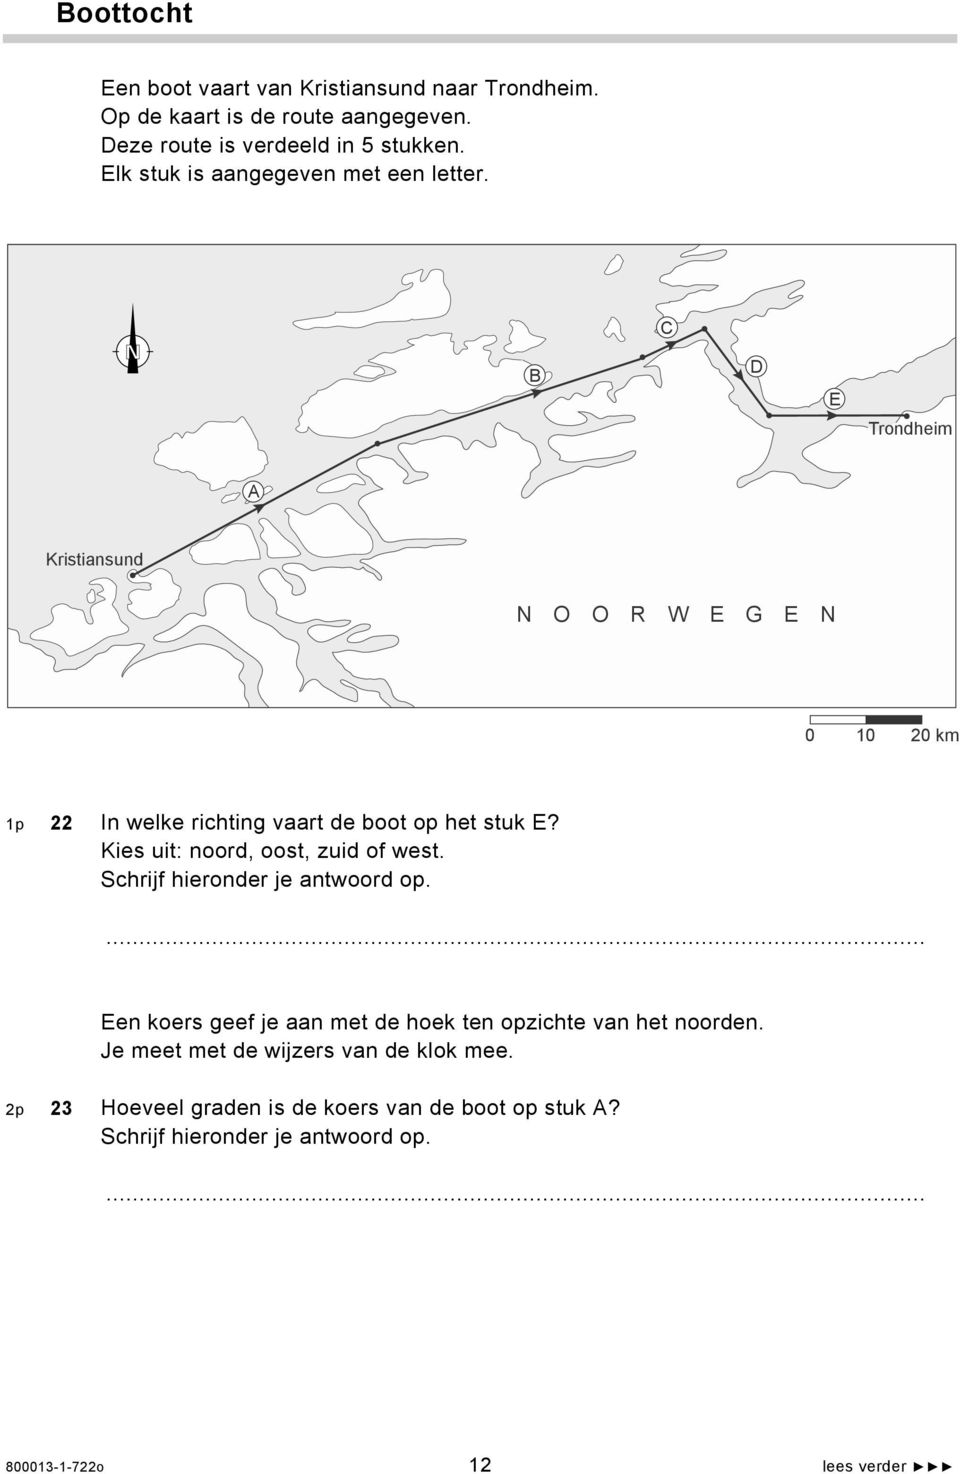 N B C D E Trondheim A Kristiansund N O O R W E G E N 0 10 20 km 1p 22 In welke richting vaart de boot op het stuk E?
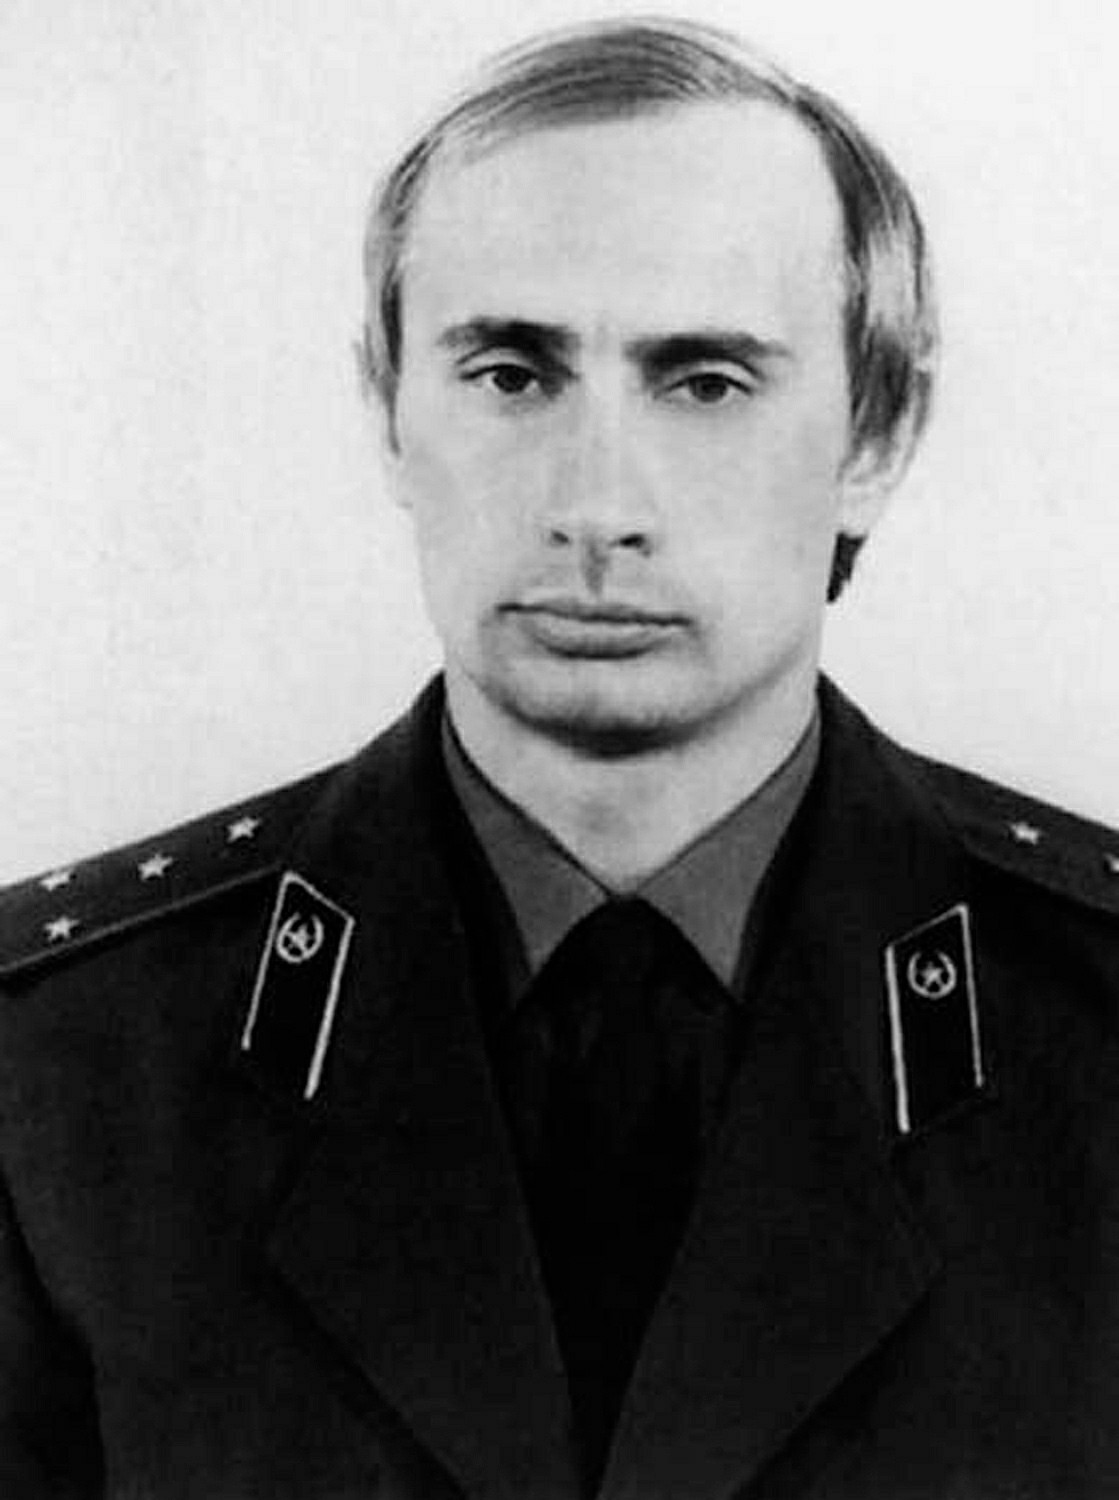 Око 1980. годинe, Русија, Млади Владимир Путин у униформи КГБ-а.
--
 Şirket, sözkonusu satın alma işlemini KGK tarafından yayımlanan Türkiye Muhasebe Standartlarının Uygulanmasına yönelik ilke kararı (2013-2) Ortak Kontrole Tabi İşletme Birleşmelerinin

* PROBLEM TO WORK ON
Print from the line containing "N B C D E Trondheim" through the line containing "Око 1980. годинe, Русија, Млади" in the data above, exactly as the lines stand, and omit every picture.

* TASK SOLUTION
 N B C D E Trondheim A Kristiansund N O O R W E G E N 0 10 20 km 1p 22 In welke richting vaart de boot op het stuk E?
 Око 1980. годинe, Русија, Млади Владимир Путин у униформи КГБ-а.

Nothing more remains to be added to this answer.